Experimental and theoretical studies of the photophysics of 7-amino-3-phenyl-2H-benzo[b] [1,4]oxazin-2-one in homogeneous solvents and beta-cyclodextrin aqueous solutions

Abstract

The photophysical behavior of 7-amino-3-phenyl-2H-benzo[b][1,4]oxazin-2-one was studied in organic solvents and in aqueous solutions of beta-cyclodextrin using steady-state fluorescence and computational chemistry methods. In homogeneous media, fluorescence spectra show a noteworthy solvatochromic effect leading to large Stokes shifts. Linear solvation energy relationship and Lippert-Mataga equation analysis of the Stokes shifts indicate an increase of the dipolar moment in the singlet excited state and the participation of a partial charge-transfer state in the deactivation process.
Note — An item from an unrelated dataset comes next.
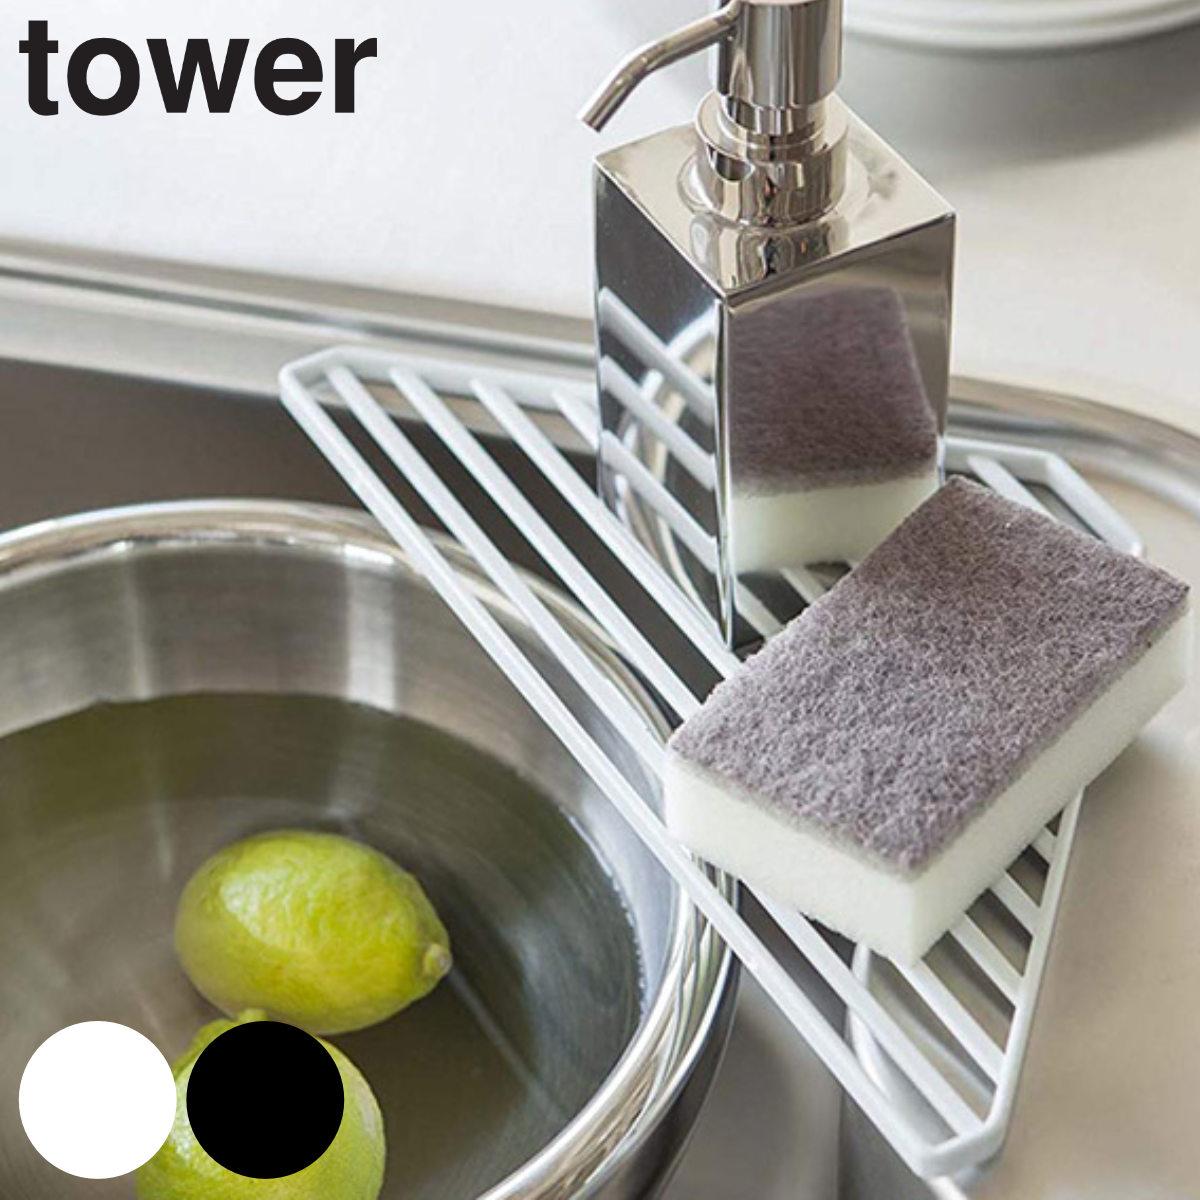 kitchen corner sinks blinds for livingut 角架水槽角塔塔三角角落架子 厨房厨房用具菜地漏机架认为缺乏 厨房厨房用具菜地漏机

Incorporation of 7-amino-3-phenyl-2H-benzo[b][1,4]oxazin-2-one into the beta-cyclodextrin inner cavity was monitored by observing the increase of fluorescence as a function of the cyclodextrin concentration. Analysis of fluorescence data in terms of Job plots and the Benesi-Hildebrand equation are indicate the formation of a 1:1 complex. The binding constant obtained from Benesi-Hildebrand plots was 597 M-1 at 298 K. Also, the values of thermodynamics parameters determined from the dependence of the binding constant on the temperature show that inclusion is an enthalpy-driven process. Docking studies suggest that the complex stability is due to favorable van der Waals interactions within the cavity and a hydrogen bond interaction between the amino substituent and hydroxyl groups located in the narrow rim of the cavity. The same conclusion was achieved employing the Molecular Mechanics Poisson-Boltzmann Surface Area methodology to determine the energy contributions to the total free energy for the inclusion process.